Obviously Elephant Shell was nothing like that and with Champ we kind of got back to that. We took a bunch of time off and didn’t do any shows and didn’t tour and all we did was just get together and write songs. Obviously not quite for a lark, we knew we were gonna make a record eventually, but in a much more relaxed atmosphere that was a lot closer to the atmosphere in which we wrote A Lesson In Crime.

RFB:  How did you go about recording it?

G:  We actually went to Los Angeles and recorded it with Rob Schnapf who is a brilliant producer who we’d never met in person and only spoken to on the phone. There was really no guarantee that is was going to be anything other than a disaster and fortunately it went exactly the opposite way.

Also we were in California during Canadian winter.

RFB:  Are you enjoying being able to play new material…

G:  YES!

RFB: …Or do you find it daunting?

G:  I mean it is absolutely more challenging and a little riskier but that’s exciting to do. It’s not that we don’t like playing the old material but there comes a point where you’ve played the older material for two years, or even four years in the case of some of those really old songs and you could play them blindfolded with one hand tied behind your back on an instrument you’ve never played before in your life.

I really think with the new material we’ve added a lot of elements to our set that just weren’t there before. You listen to A Lesson In Crime, you listen to Elephant Shell and by in large the songs are two minutes long and really fast and really frantic and crazy. And I think that served us well. The reason a lot of people got into our band in the first place was that it was sort of this ADD, strobe lighting music. But we’re at the point now where we don’t necessarily want to play an hour of two-minute songs. It’s exhausting for the band and it’s exhausting for the audience as well. It got to the point that if we needed to play for an hour at a festival we’d be playing 23 songs which is just… that’s how many songs Radiohead plays when I go and see them for two and a half hours.

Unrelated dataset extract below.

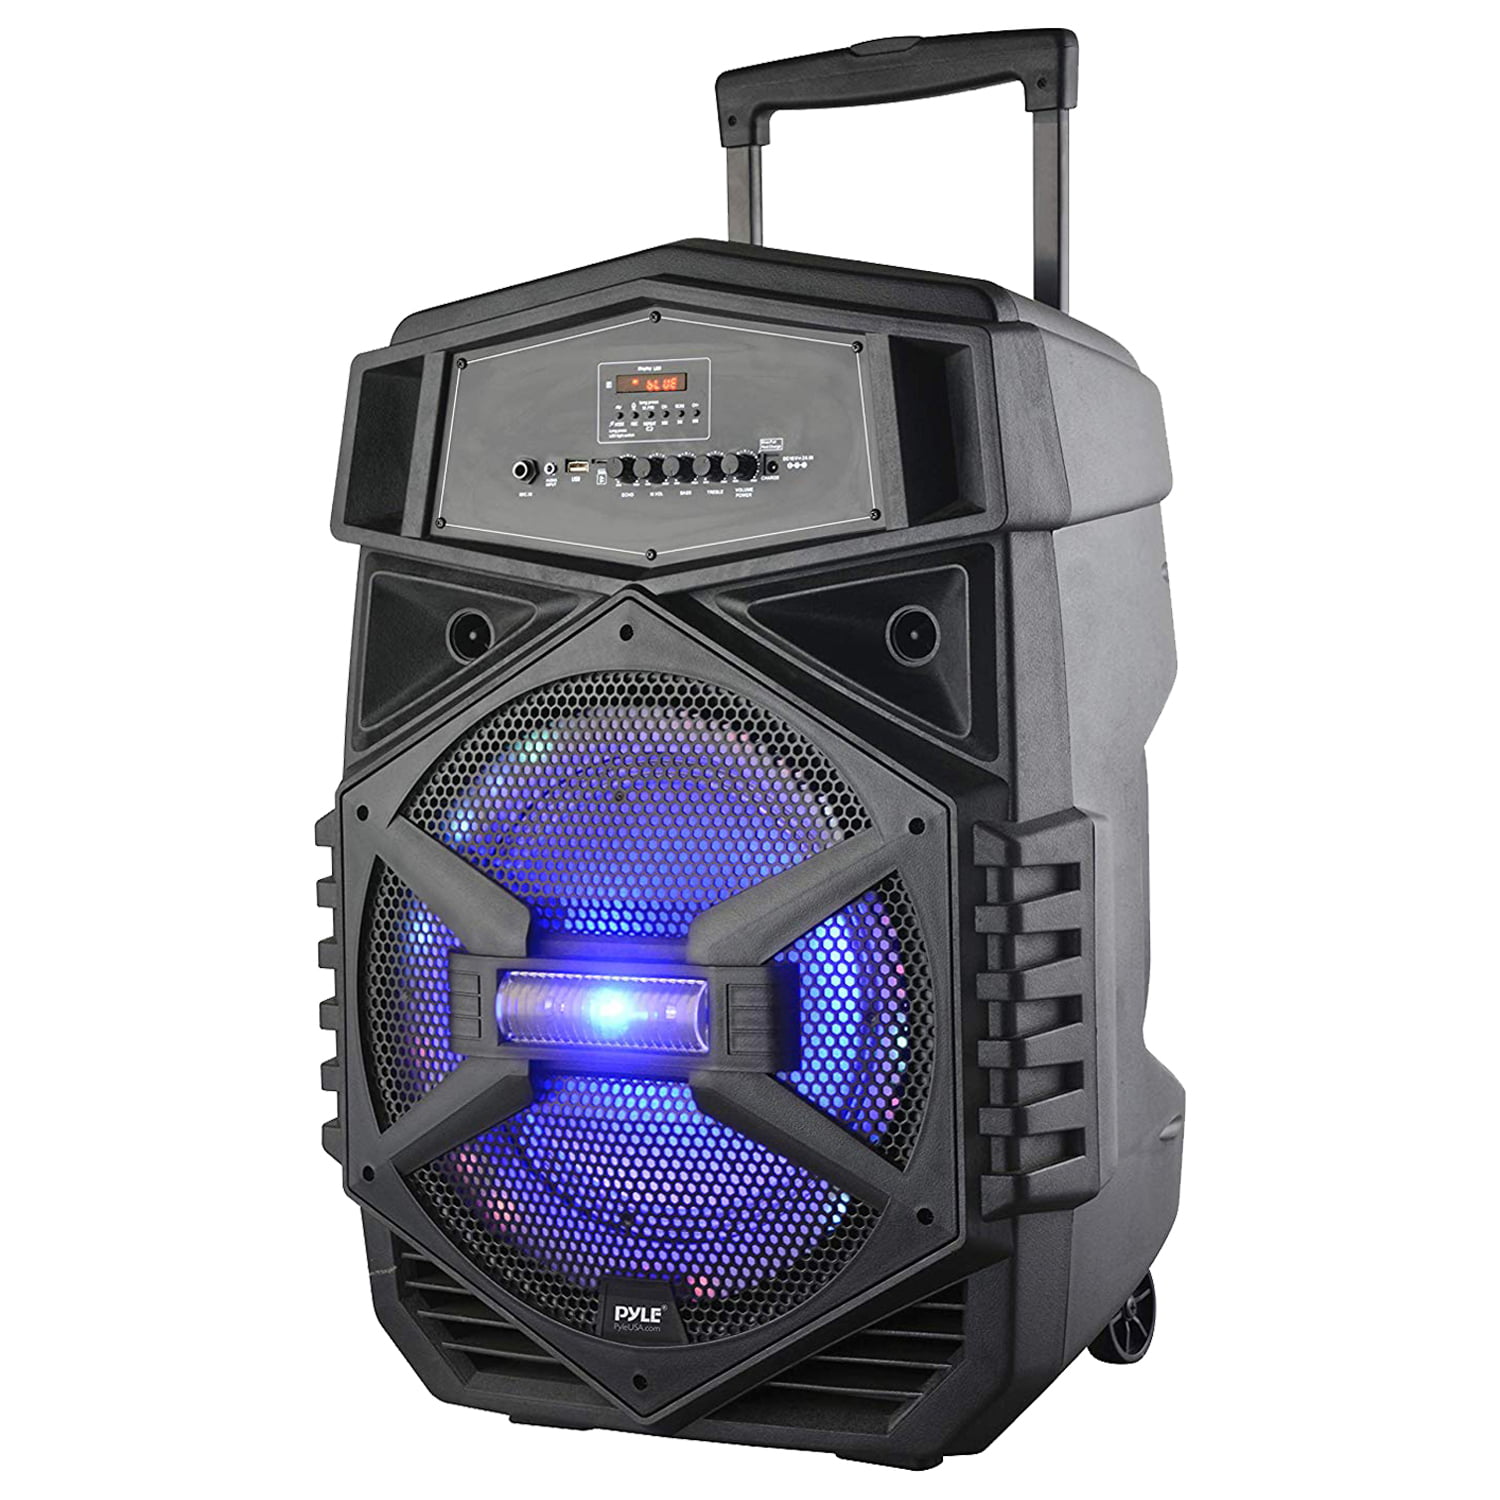 Pyle 12 inch Portable Bluetooth PA Speaker System with LED Lights, USB

So now with the new material, some of them are a lot slower, some are a little slower, they have different vibes, it goes up and down and then we can really mould the set in a way we’ve never done before and have a dynamic to it. It makes it a lot more fun to play and I hope, and I think, it makes it a lot more exciting for audiences as well because it feels like it goes places instead of BAM! BAM! BAM! BAM! BAM!

RFB:  Yeah – I saw you at Latitude festival and I really did enjoy the set…

G;  That was one of my favourite shows we’ve ever played. Something good was happening. You get a bunch of people in a place and the vibe can be any number of things. Sometimes it can be negative and sometimes it can be ambivalent and sometimes it can be really positive and that’s when good things happen and that’s what I like about festivals, the possibility of that. And that happened at Latitude.